The central focus of the retrospective is the last 25 years, a period of extraordinary inventiveness. Hockney’s move to Normandy in 2019 sparked a new chapter, resulting in daily iPad paintings of orchards, hedgerows, and village lanes. The 220 for 2020 series, displayed floor-to-ceiling in Gallery 5, is a dazzling ode to life’s rhythm—spring, nature, and renewal, even during the isolating days of lockdown.
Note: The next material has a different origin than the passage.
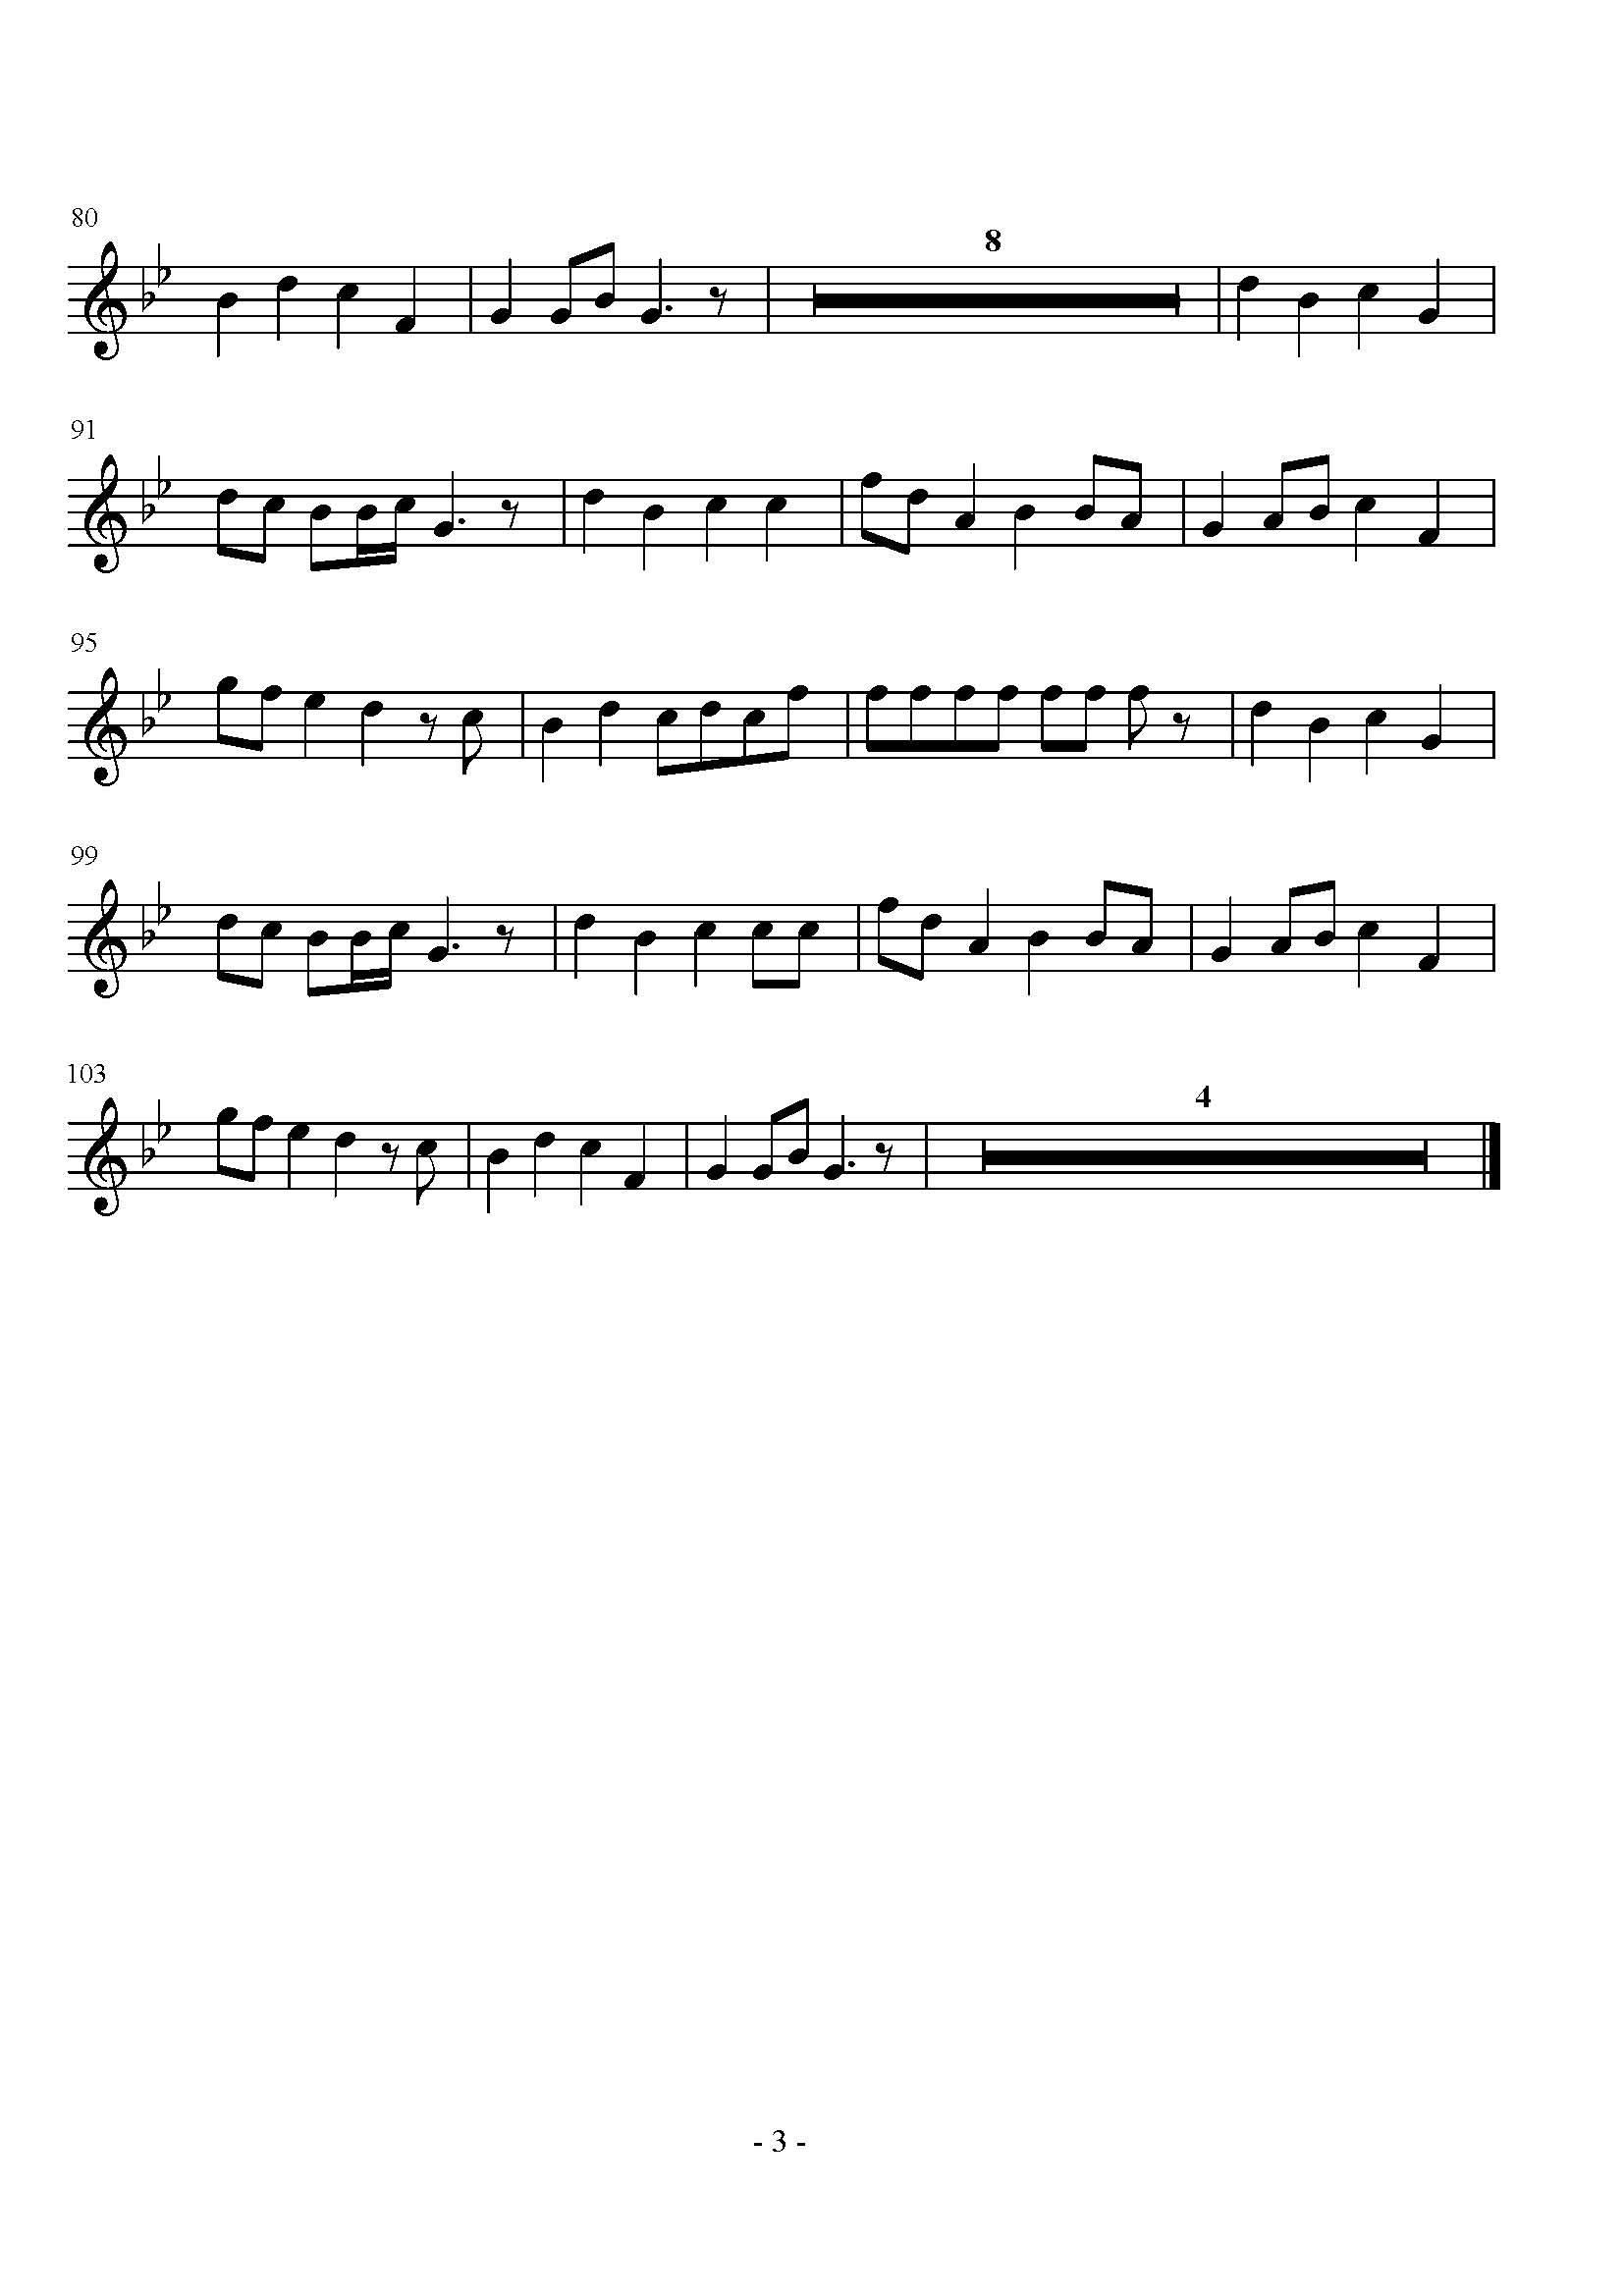 小苹果小提琴小提琴五线谱筷子兄弟

Portraiture also takes a central place, with over 60 paintings of friends, carers, and cultural figures like Harry Styles, alongside floral still lifes and vivid self-portraits. These works, created digitally but framed traditionally, blur the line between past and future art forms.

An Artistic Pilgrimage Through Time

Further galleries showcase Hockney’s tributes to European art history, including The Great Wall (2000)—a visual argument on the role of optics in Renaissance painting. His admiration for Van Gogh, Cézanne, Fra Angelico, and Blake echoes through the rooms, with recent works such as After Blake: Less is Known than People Think (2024) offering philosophical reflection as much as visual pleasure.

A stunning immersive installation, combining opera, video, and performance, transforms one gallery into a living theatre. Here, Hockney reinterprets decades of stage design in a multisensory crescendo that underscores his lifelong connection with music and movement. The exhibition concludes in a more contemplative space, where intimate self-portraits and new spiritually charged paintings form a quiet farewell to the journey. Despite frailty, Hockney remains a force of nature—optimistic, expressive, and joyfully alive.

A Celebration of Art, Spring, and Resilience

David Hockney 25 is more than a retrospective—it’s a celebration of life, love, nature, and the unquenchable spirit of an artist who has always looked closely at the world, only to find beauty. At a time when Paris is reasserting itself as Europe’s capital of culture, this exhibition stands as a monumental event not just for Hockney’s career but for the global art world.

Visitors are greeted by a message first shared by Hockney during the pandemic: “Do remember they can’t cancel the spring.” In 2025, that phrase echoes louder than ever within the walls of Fondation Louis Vuitton—a beacon of hope, art, and the seasons’ eternal return.